TIDAK ADA WAKTU YANG LEBIH BAIK UNTUK MELUCUTI HEZBOLLAH

Penulis David Schenker adalah Peneliti Senior Taube di The Washington Institute dan direktur Program Rubin tentang Politik Arab. 

Source From TWI Expert Opinion

“Dengan kelompok tersebut dan para pelindungnya dari Iran berada pada titik terlemahnya dalam beberapa dekade, Beirut memiliki peluang nyata untuk memulihkan kedaulatannya, tetapi menunggu “dialog nasional” yang sia-sia lainnya mungkin akan menutup peluang tersebut.”

 

Media www.rajawalisiber.com – Minggu lalu, Presiden Lebanon Joseph Aoun mengumumkan bahwa Beirut tidak akan melucuti senjata milisi Syiah Hizbullah yang didukung Iran sebagai bagian dari upayanya untuk mendapatkan monopoli negara atas persenjataan. Sebaliknya, Aoun mengatakan Hizbullah akan diyakinkan untuk menyerahkan persenjataannya sendiri, melalui dialog dan negosiasi. Selain itu, presiden menyarankan pasukan milisi tersebut kemudian dapat diintegrasikan ke dalam Angkatan Bersenjata Lebanon (LAF). Pendekatan ini, yang menghindari potensi pertikaian berdarah, tidak akan dapat diterima oleh AS dan Israel, dan pada akhirnya akan merusak kemajuan yang diharapkan telah dicapai Lebanon untuk menegaskan kembali kedaulatannya.
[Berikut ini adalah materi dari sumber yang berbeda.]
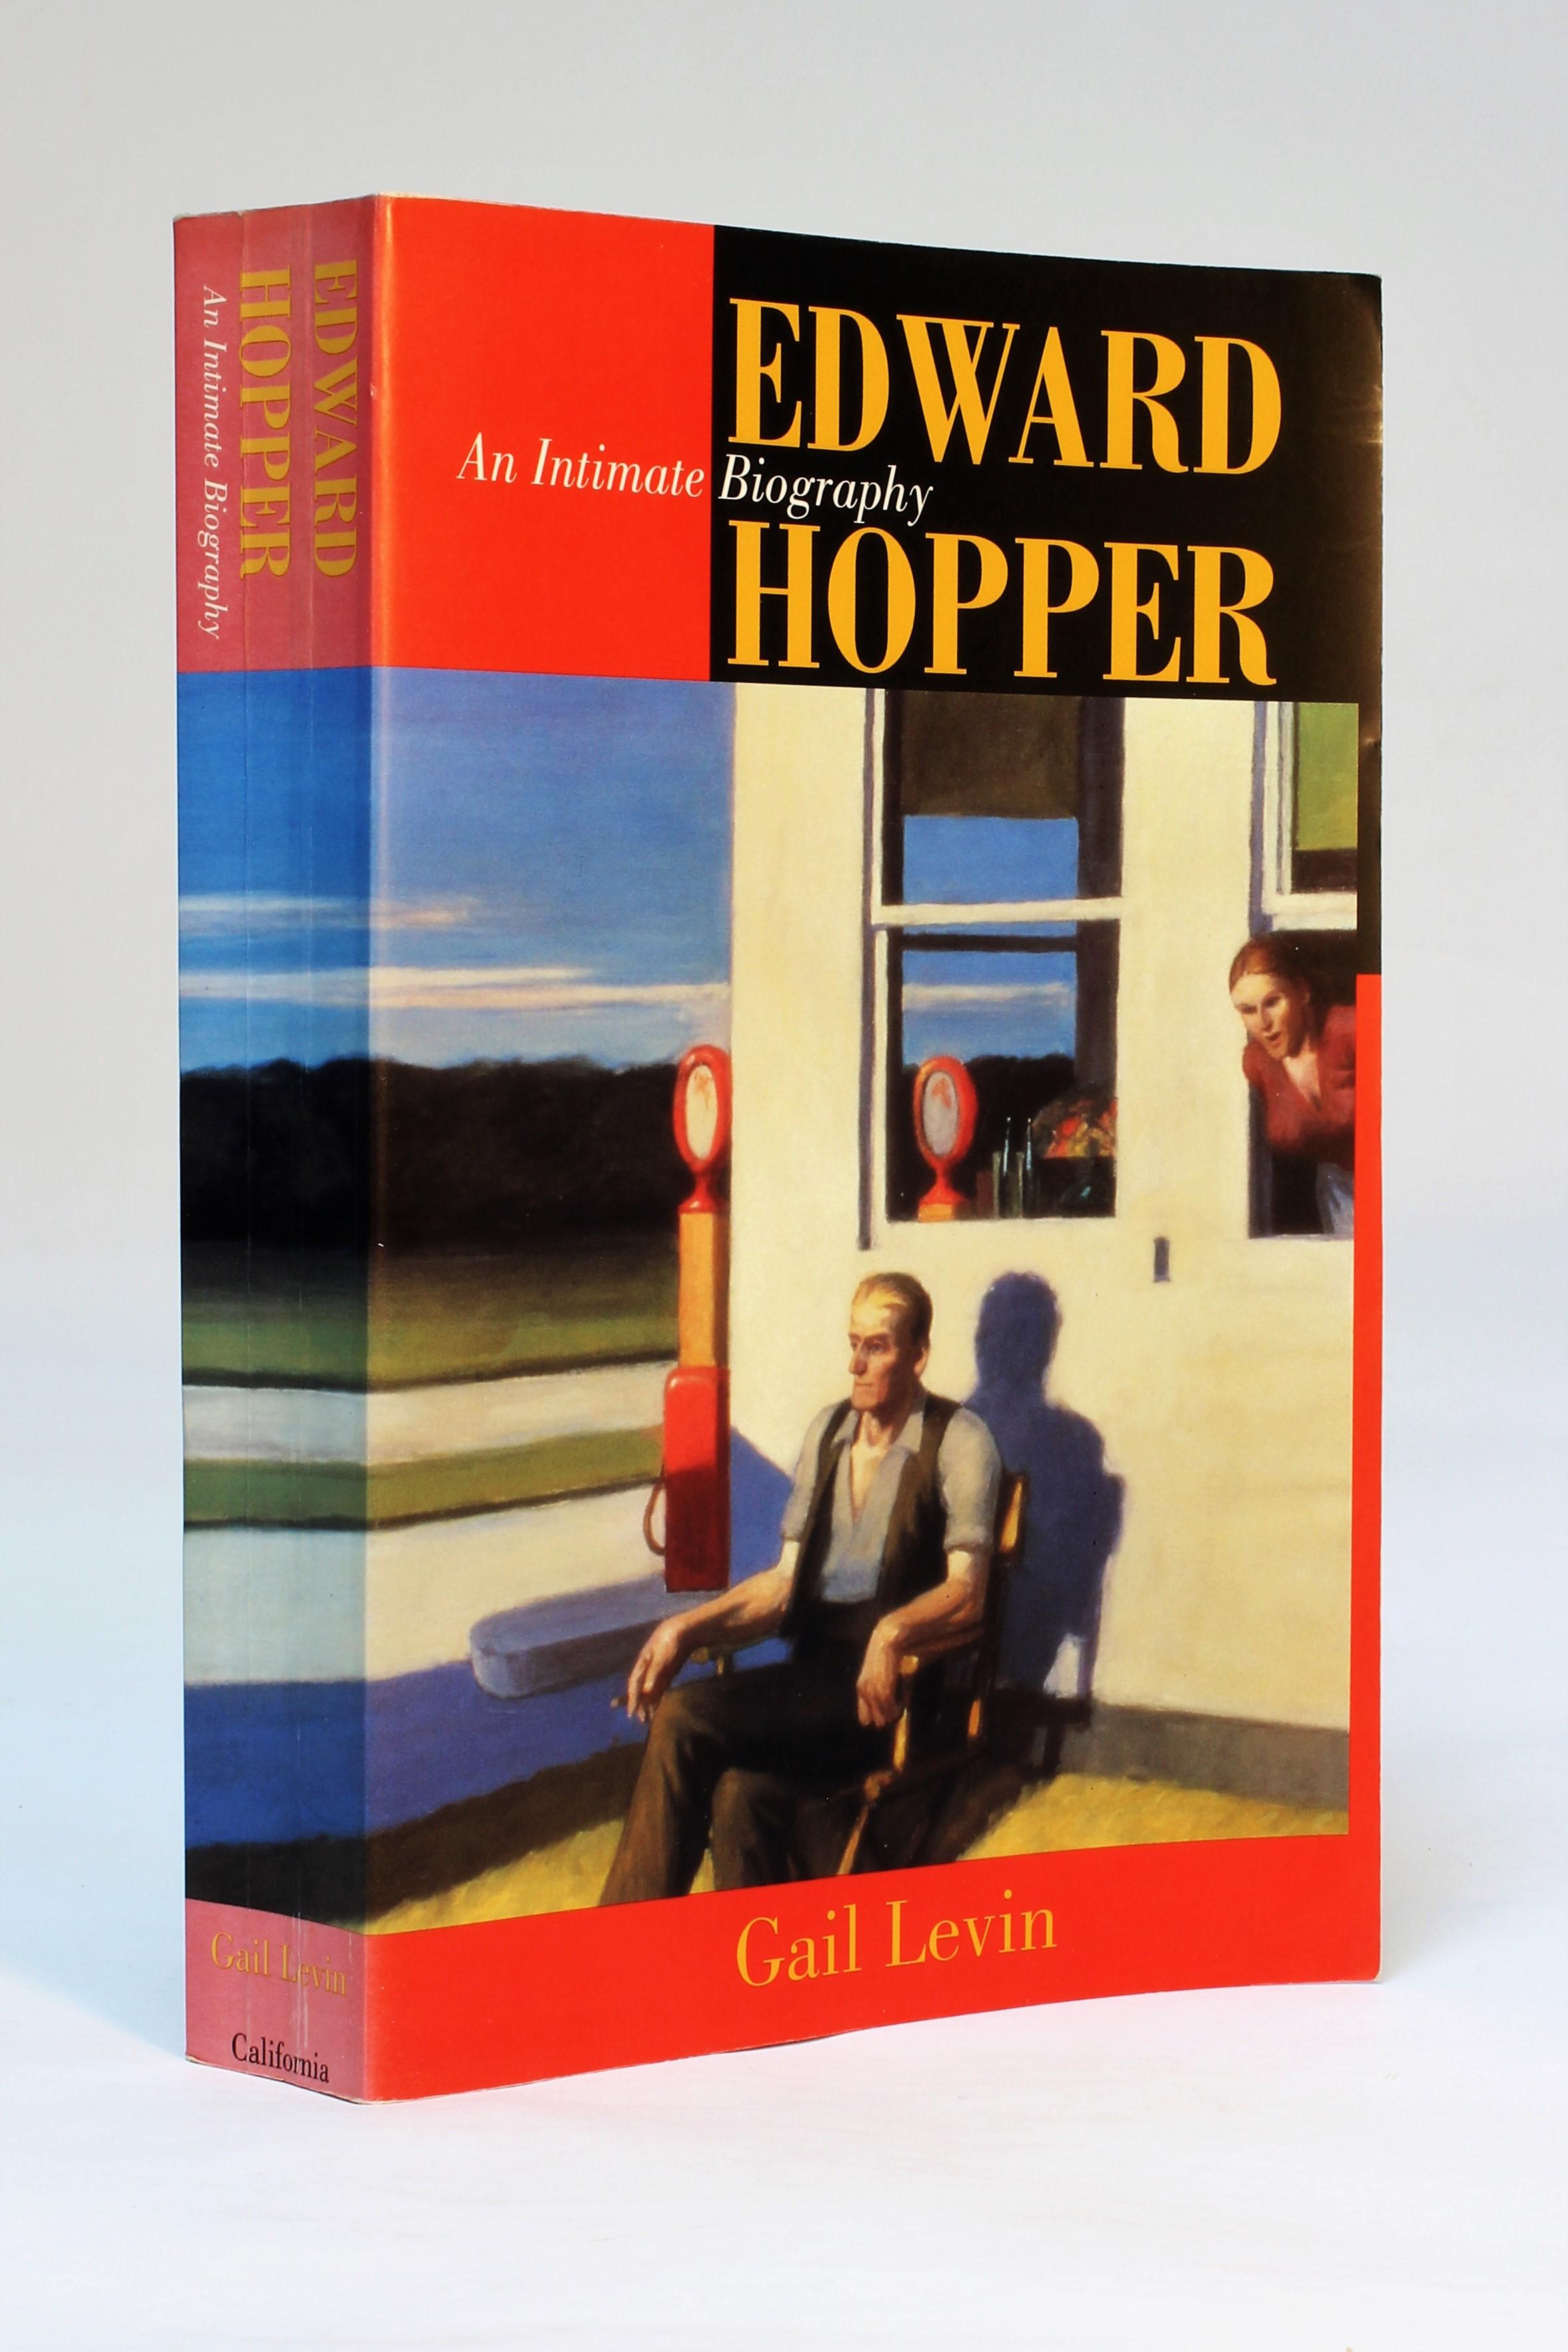 Edward Hopper: An Intimate Biography - Gail Levin

Tidak diragukan lagi, Presiden Aoun berada dalam posisi yang sulit. Dalam gencatan senjata Desember 2024 yang mengakhiri perang Hizbullah-Israel, pemerintah Lebanon setuju untuk melaksanakan Resolusi Dewan Keamanan Perserikatan Bangsa-Bangsa 1701 dan 1559, yang mengharuskan pelucutan senjata semua milisi di negara tersebut. Sementara itu, Hizbullah setuju untuk memindahkan perangkat keras dan personel militernya ke daerah di atas Sungai Litani, tetapi menolak demiliterisasi di tempat lain.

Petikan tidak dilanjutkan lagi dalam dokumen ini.